INPUT DATA
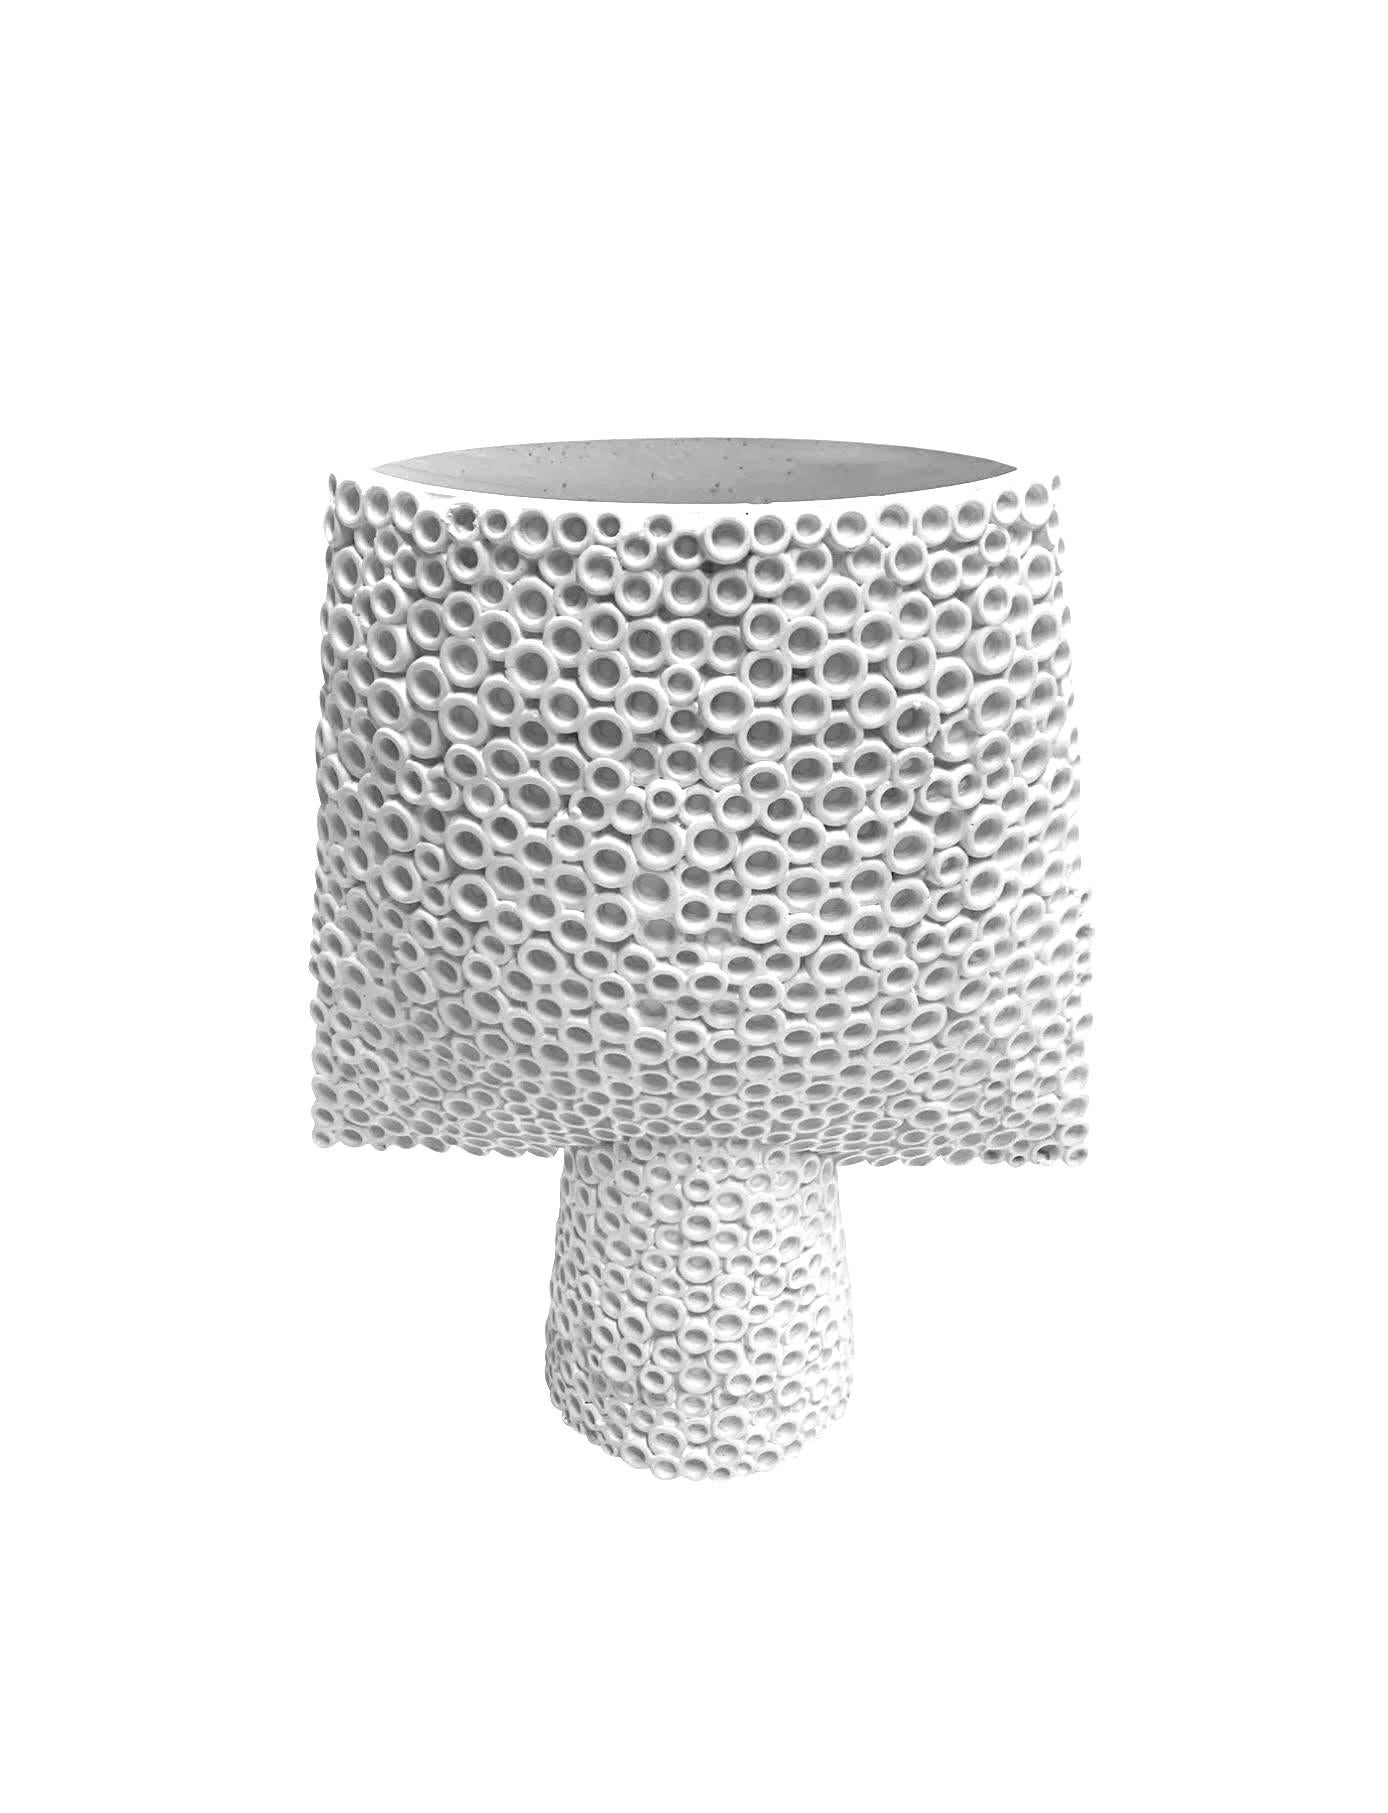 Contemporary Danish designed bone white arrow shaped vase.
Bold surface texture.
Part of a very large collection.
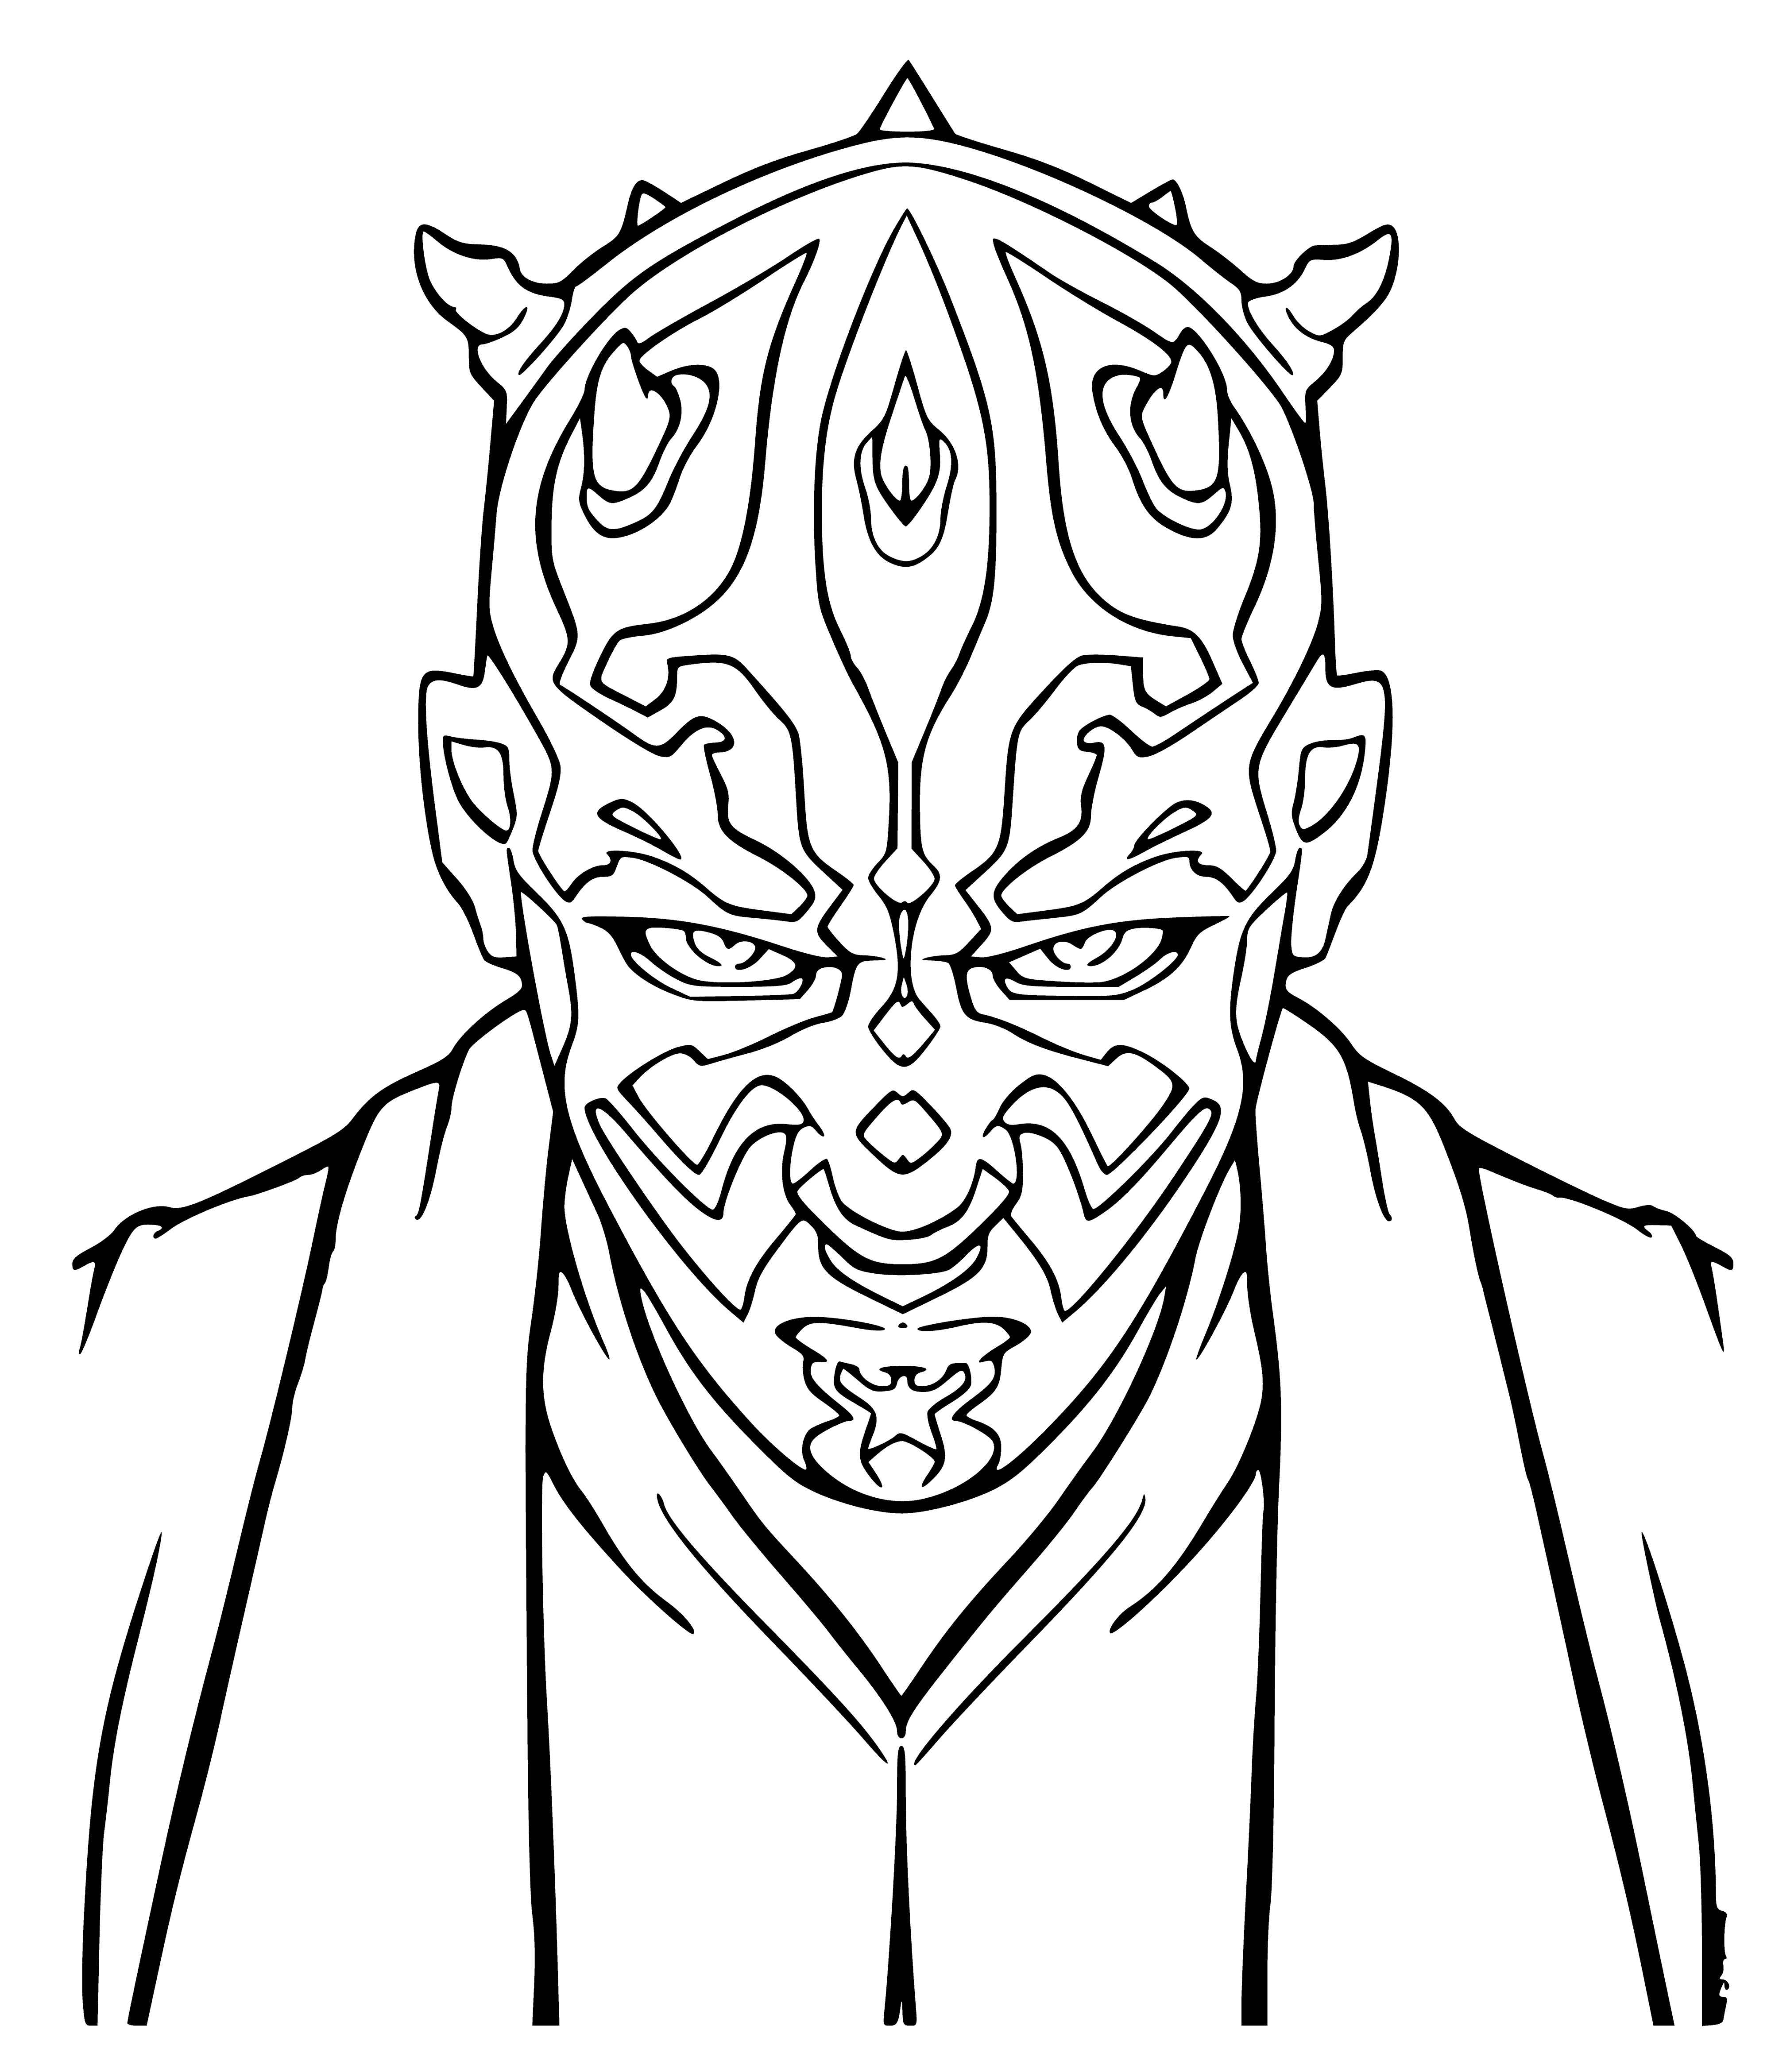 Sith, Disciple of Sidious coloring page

YOUR TASK
Would you set down the material exactly as it stands, without the pictures?

SOLUTION TO THIS TASK
 Contemporary Danish designed bone white arrow shaped vase.
Bold surface texture.
Part of a very large collection.
 Sith, Disciple of Sidious coloring page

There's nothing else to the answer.